I have a protection complex. Somewhere in my past, I decided that I had to protect all my loved ones. I'd let their problems weigh on me. If I couldn't protect someone, somehow I decided I'd protect myself from the world by packing on weight and these layers of fat called pounds. It doesn't make sense, I know. But somehow, if I can't protect someone I care about, I protect myself from having whatever problem I failed to protect them from (i.e. judgement, bullying, the blame falling on others, etc).

I'm obese. Some of the people I know wouldn't believe that (or maybe I just want to think that haha) but I am. Somewhere in the back of my mind I thought I would always be toned like I was when I played soccer. Well, that definitely has changed. I have a tummy now. I have little definition in my legs. My boobs don't look like real boobs..they look like fat boobs. I have a double chin. I have a backside rather than a butt. Rolls and dimples and just...stuff like that.

I had a friend who lost almost 100lbs in one year. I couldn't figure out how she did it! I lost 4lbs one week....she lost like 10 and I was just so jealous and saw her being vulnerable with people, decided I didn't want to be vulnerable like that...didn't want to give God the glory...didn't want it to be HIS body...it was mine..my body...

Then it hit me one day. I was at work and thinking, "This just..this doesn't feel like me. This body doesn't FIT Maggie Mae." God broke through then and said straight to my heart, "That's because it's not the body that fits Maggie Mae. It's not the body I want for you, not the body you could glorify me best in."

That hurt. Conviction was like a slap in the face, a stab straight into my heart.... I started working out and praying that God would help me feel loved and protected by Him before I would go to food...then I went on vacation.

Vacation shouldn't have been an excuse, but it was. I sat in a car for miles and miles on a roadtrip and ate fast food.

I'm done now with vacation and I'm done with excuses. I've already prayed about where to go from here. God has shown me a few people with whom to ask for accountability. I don't have money for a program like weight watchers, but I have some loving friends that will pray with me and I will weigh-in bi-weekly IN FRONT OF. Now that...is vulnerability. And I don't want to do it. Even as I type this...I know how hard it's going to be. Overcoming this disorder, getting healthy spiritually, physically, and emotionally so that I can glorify God with the body and mindset He intended for me to glorify Him with.

This blog also gives you the ability to hold me accountable. If you want to, go ahead. If you see me going for that extra whatever at a party, pull me aside and humble my stupid ass! Then pray with me...Pray that I would dig deep to find out what insecurity the devil is playing on to get me to eat....Text me, call me, ask how I'm doing. The more it's spoken, I believe, the more power God has over it. It's been in the dark of my heart for far too long and now it's time to let God shine into this darkness!

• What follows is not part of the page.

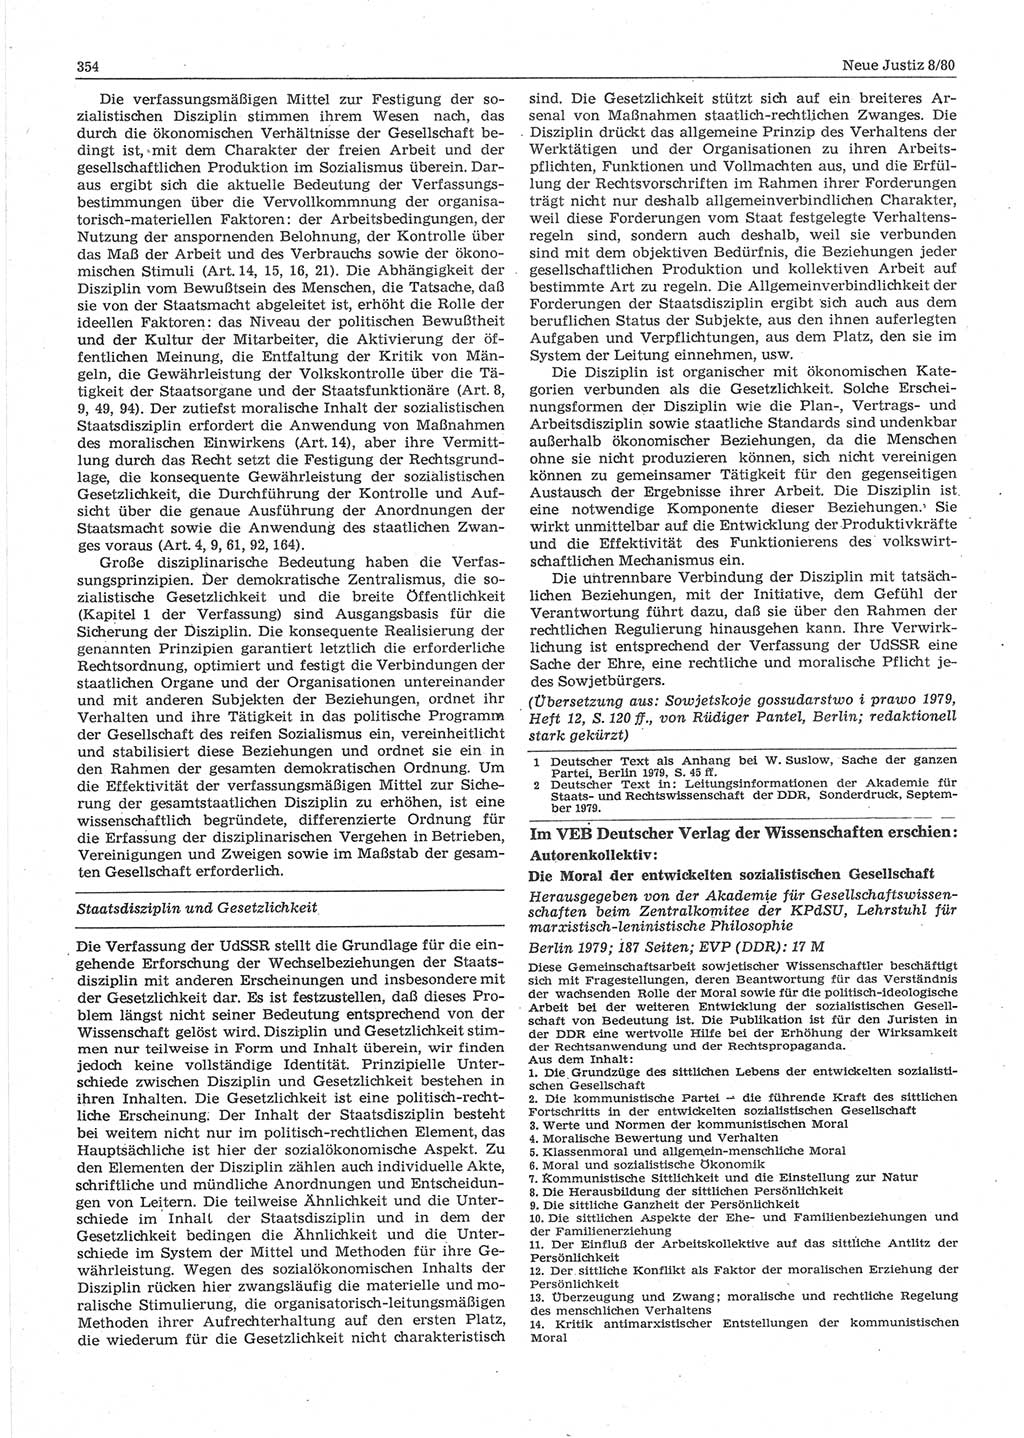 Neue Justiz (NJ), Zeitschrift für sozialistisches Recht und Gesetzlichkeit [Deutsche Demokratische Republik (DDR)], 34. Jahrgang 1980, Seite 354 (NJ DDR 1980, S. 354)

I'm changing my tune from "I can," to "GOD can."

My moto has always been,"I can do all things through Christ who strengthens me, and He does, so I can."

But I kept forgetting that I actually have to ask Christ to strengthen me, to rely on Him, and to be vulnerable with Him and allow Him to do what He needs to do through me and for me.

So...please pray for me. Please pray WITH me.

I know I can do this, but only with God.  Only through God. He's the catalyst for this crazy reaction.

Thanks.
I can do all things through CHRIST who STRENGTHENS ME, and He DOES, so WE(God and I) can.